**HOW TO COMPLETE THIS TASK**.
Pictures stay out. Everything else in the listing below gets written out exactly.

**COLLECTED DATA**.
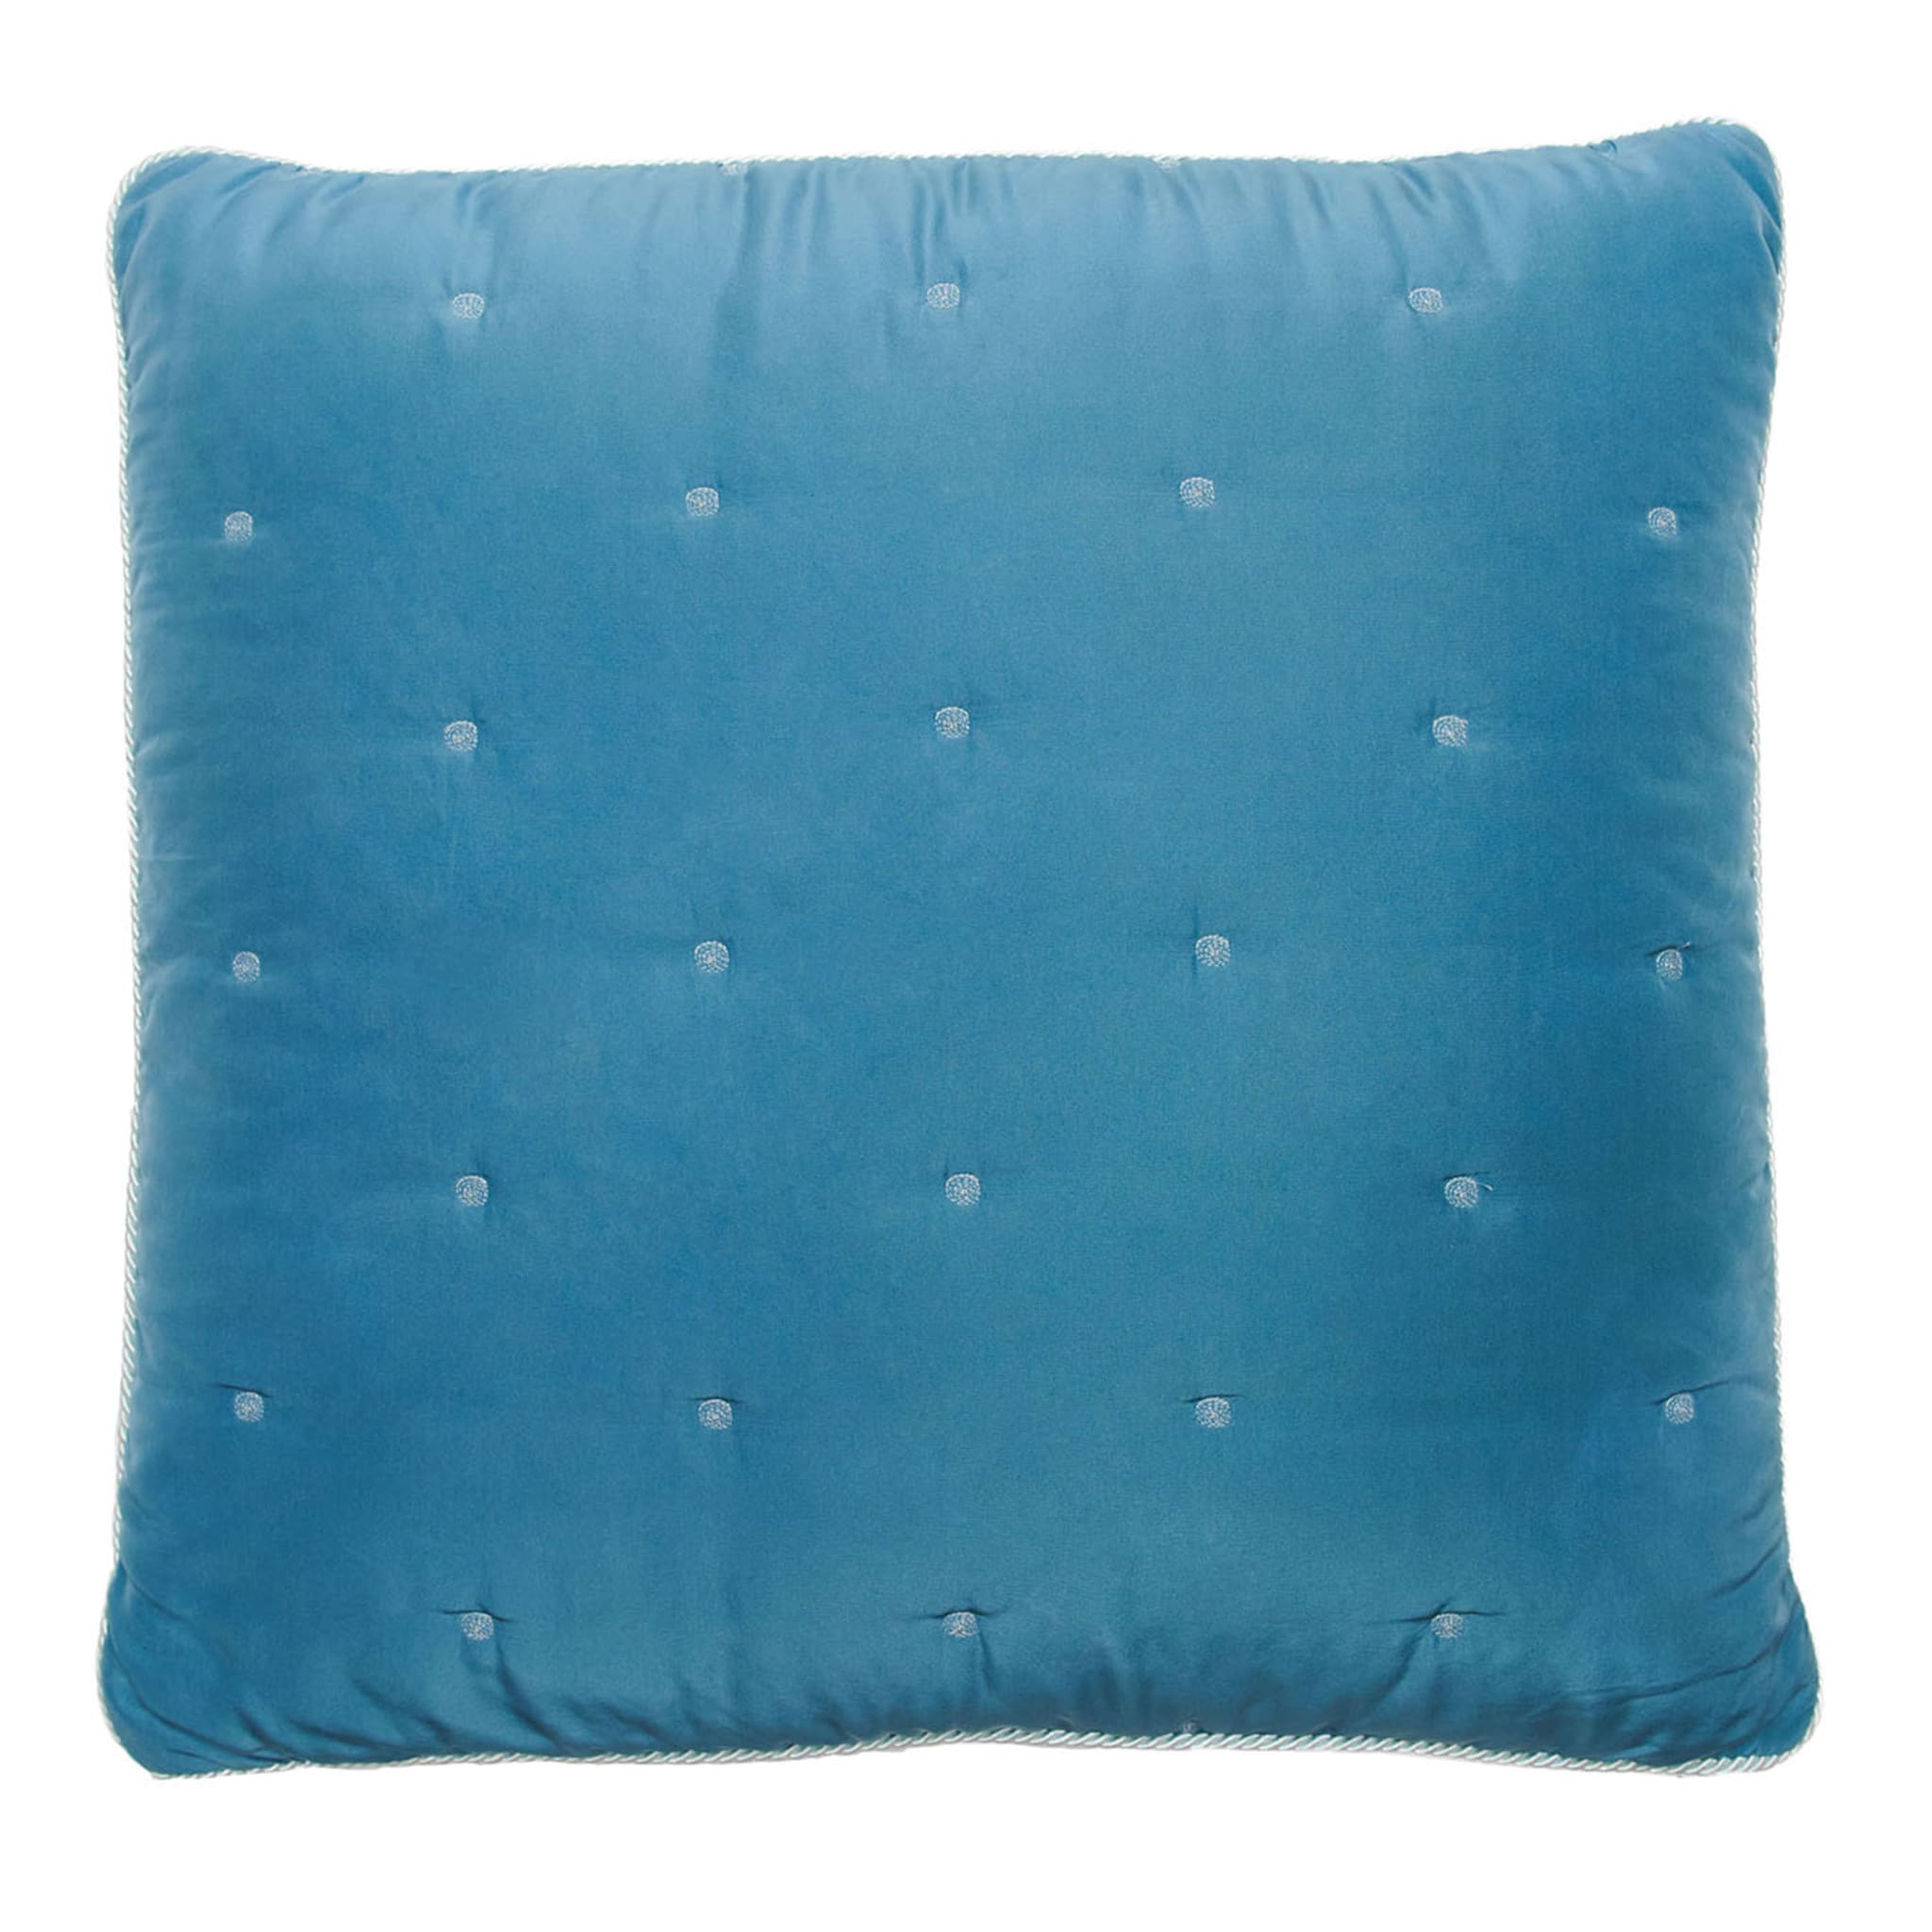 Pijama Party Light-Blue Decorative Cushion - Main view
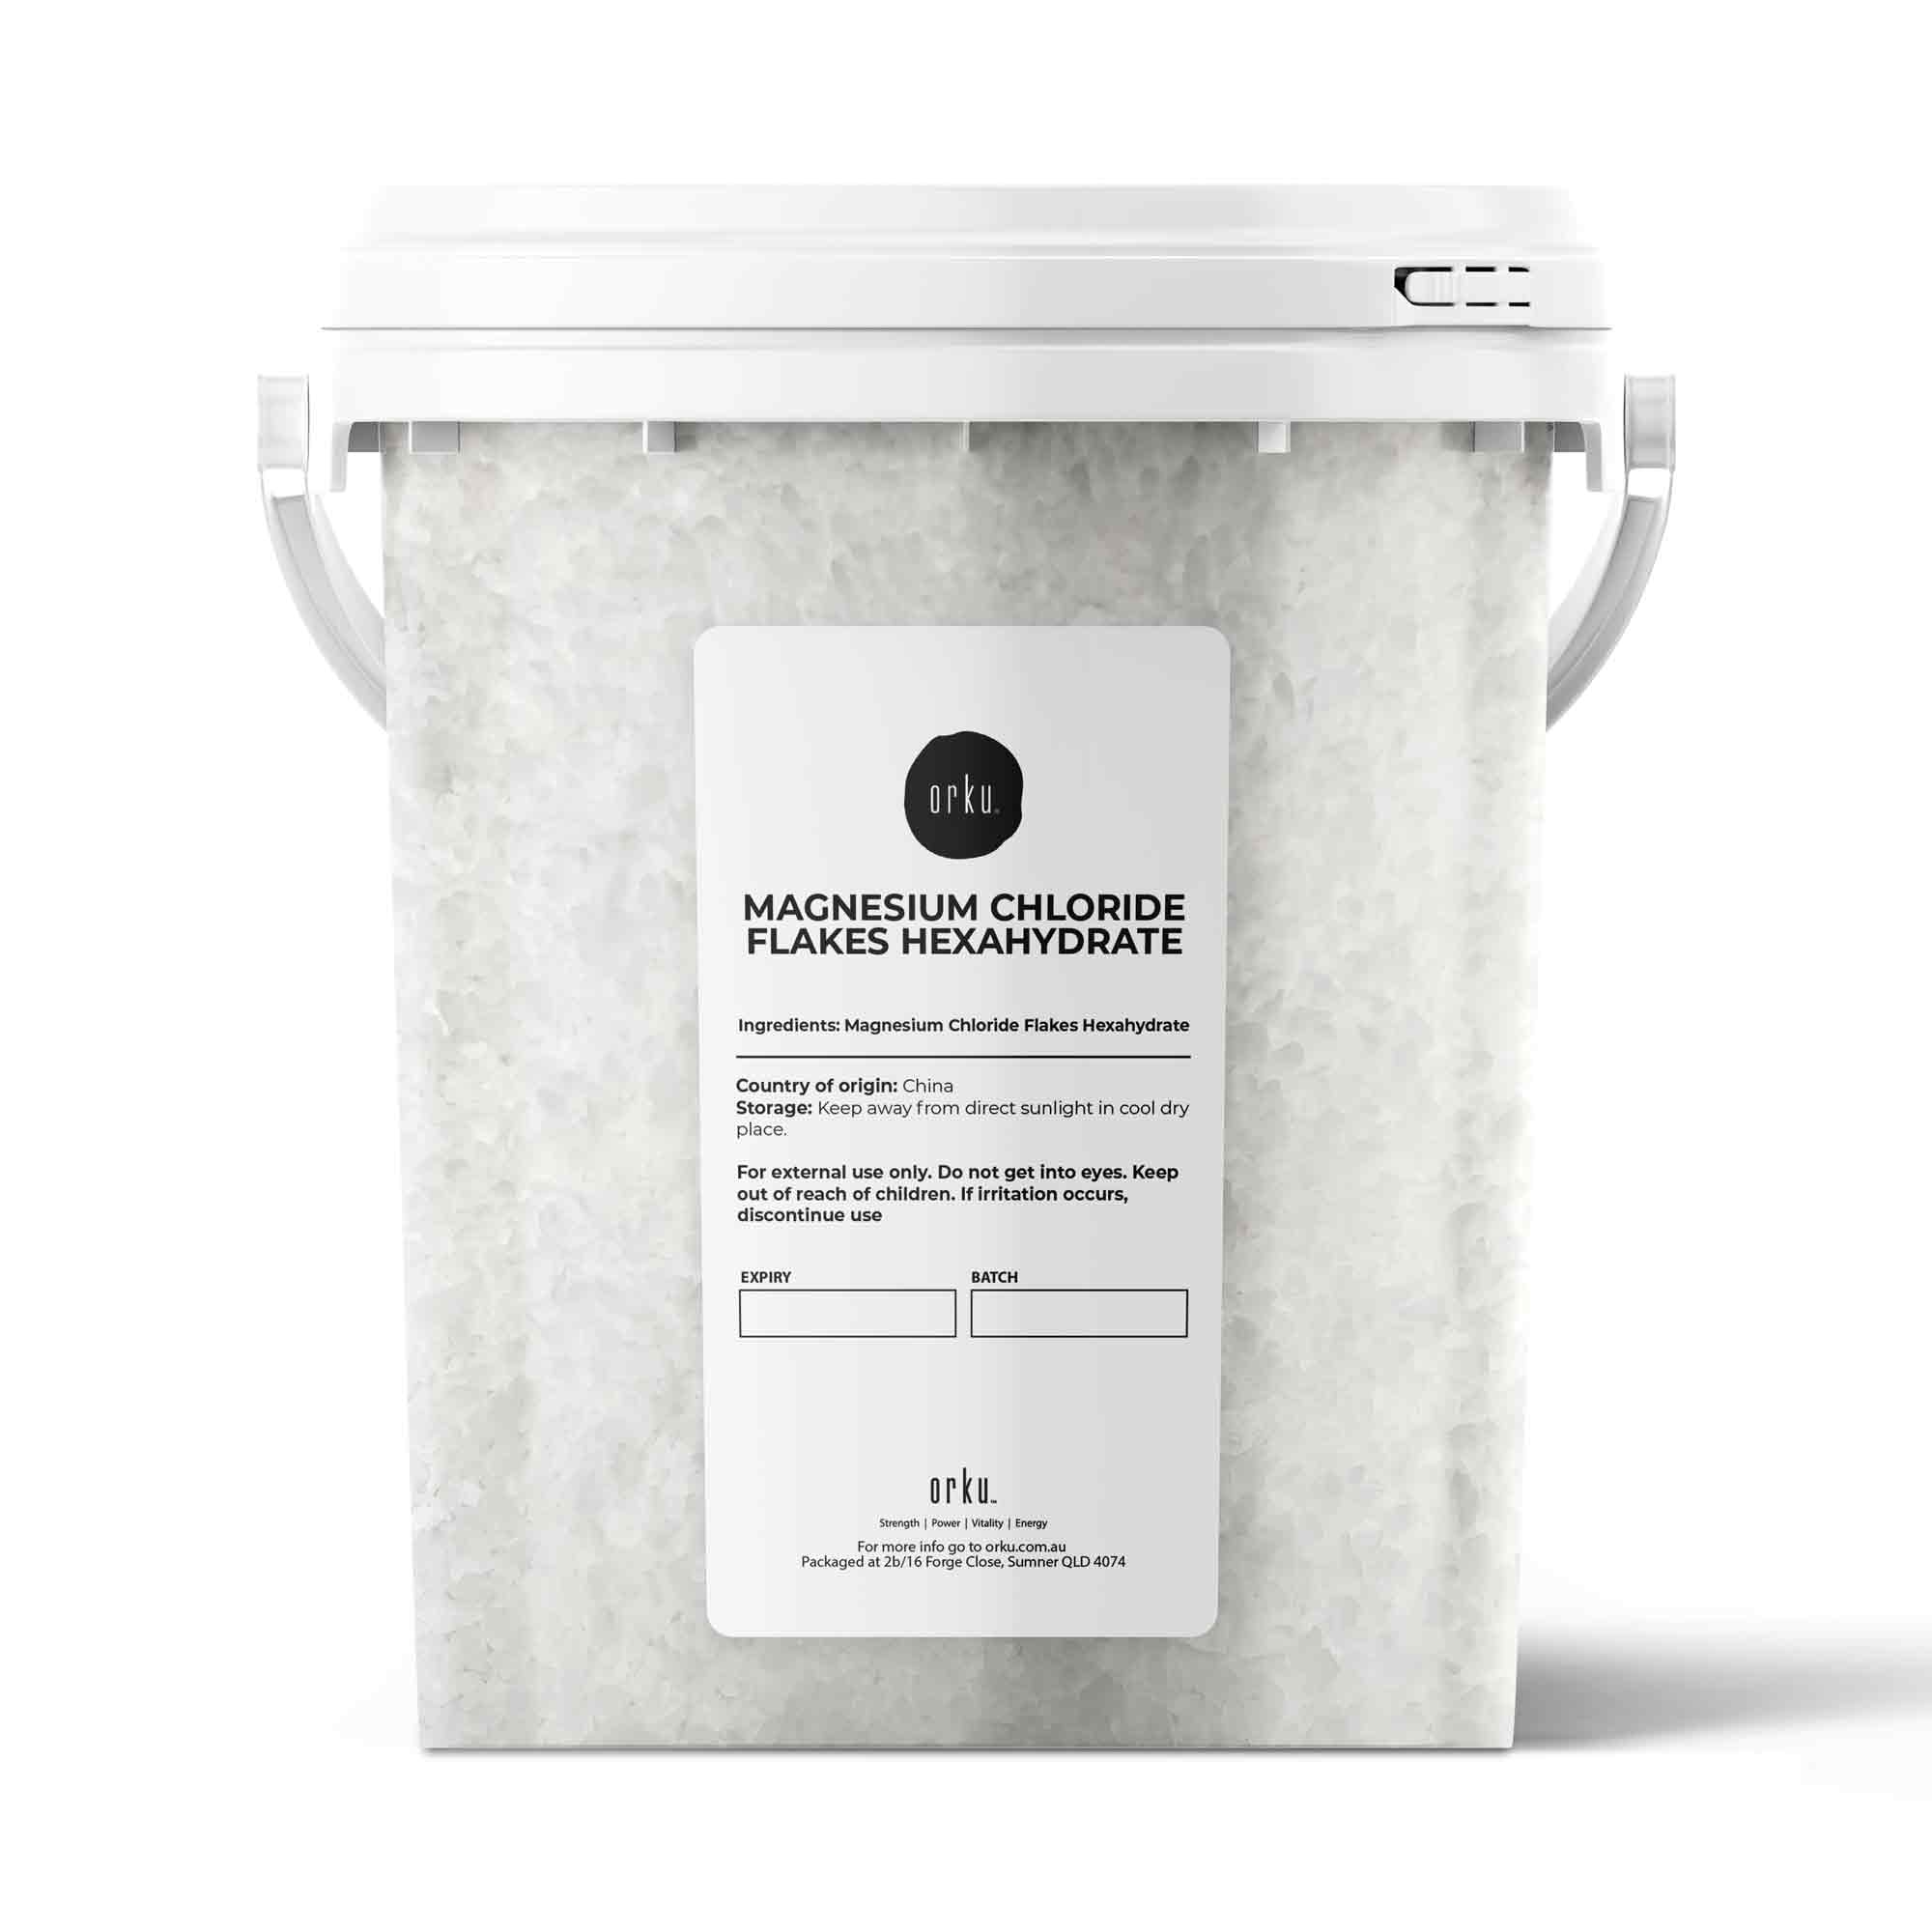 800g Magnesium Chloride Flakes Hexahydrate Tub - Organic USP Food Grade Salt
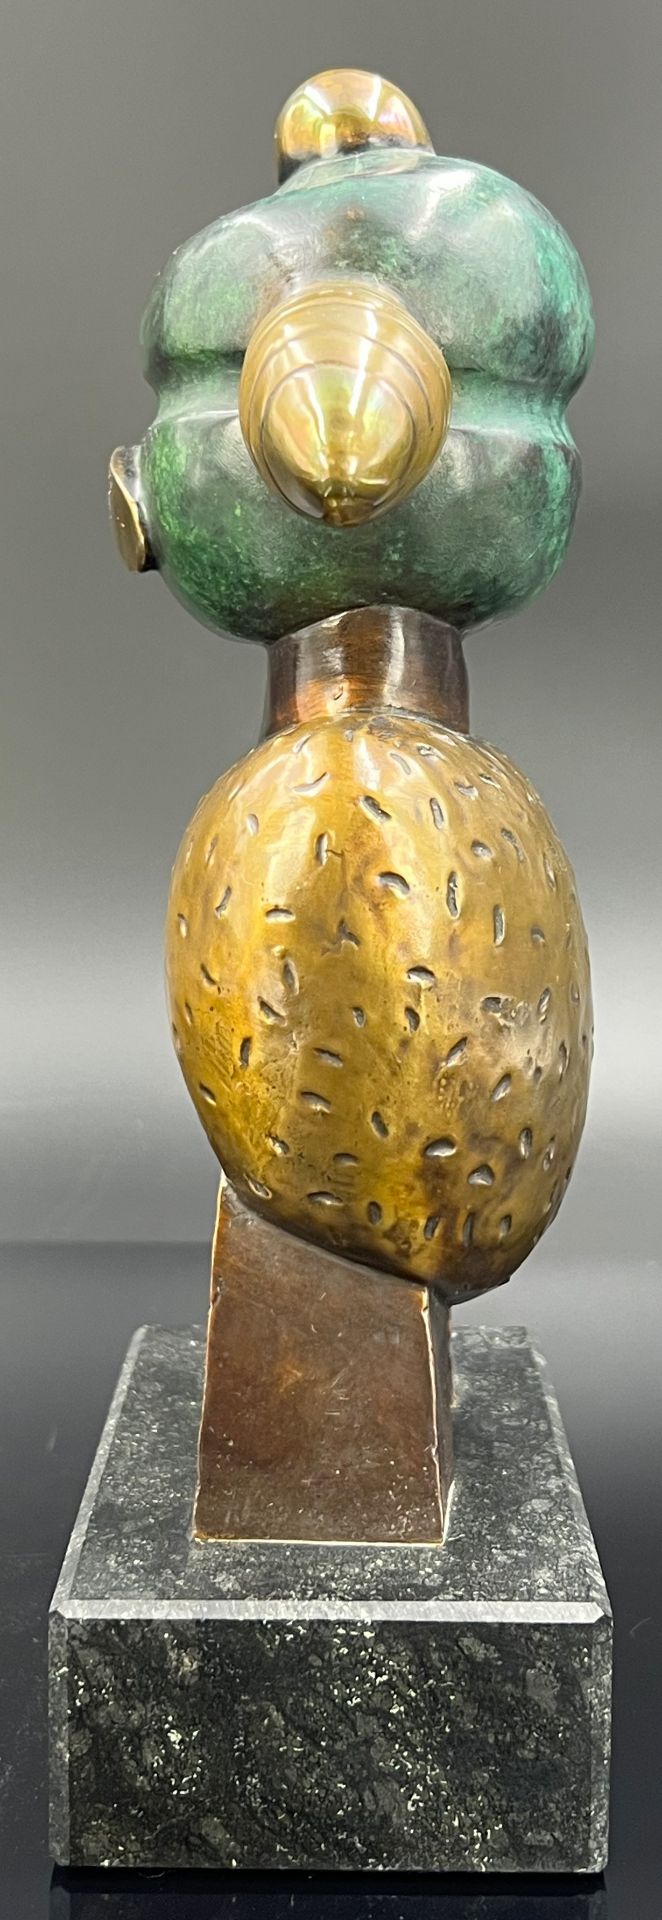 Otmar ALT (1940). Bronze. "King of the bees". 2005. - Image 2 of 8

**TASK RESPONSE**.
 Pijama Party Light-Blue Decorative Cushion - Main view
 800g Magnesium Chloride Flakes Hexahydrate Tub - Organic USP Food Grade Salt
 Otmar ALT (1940). Bronze. "King of the bees". 2005. - Image 2 of 8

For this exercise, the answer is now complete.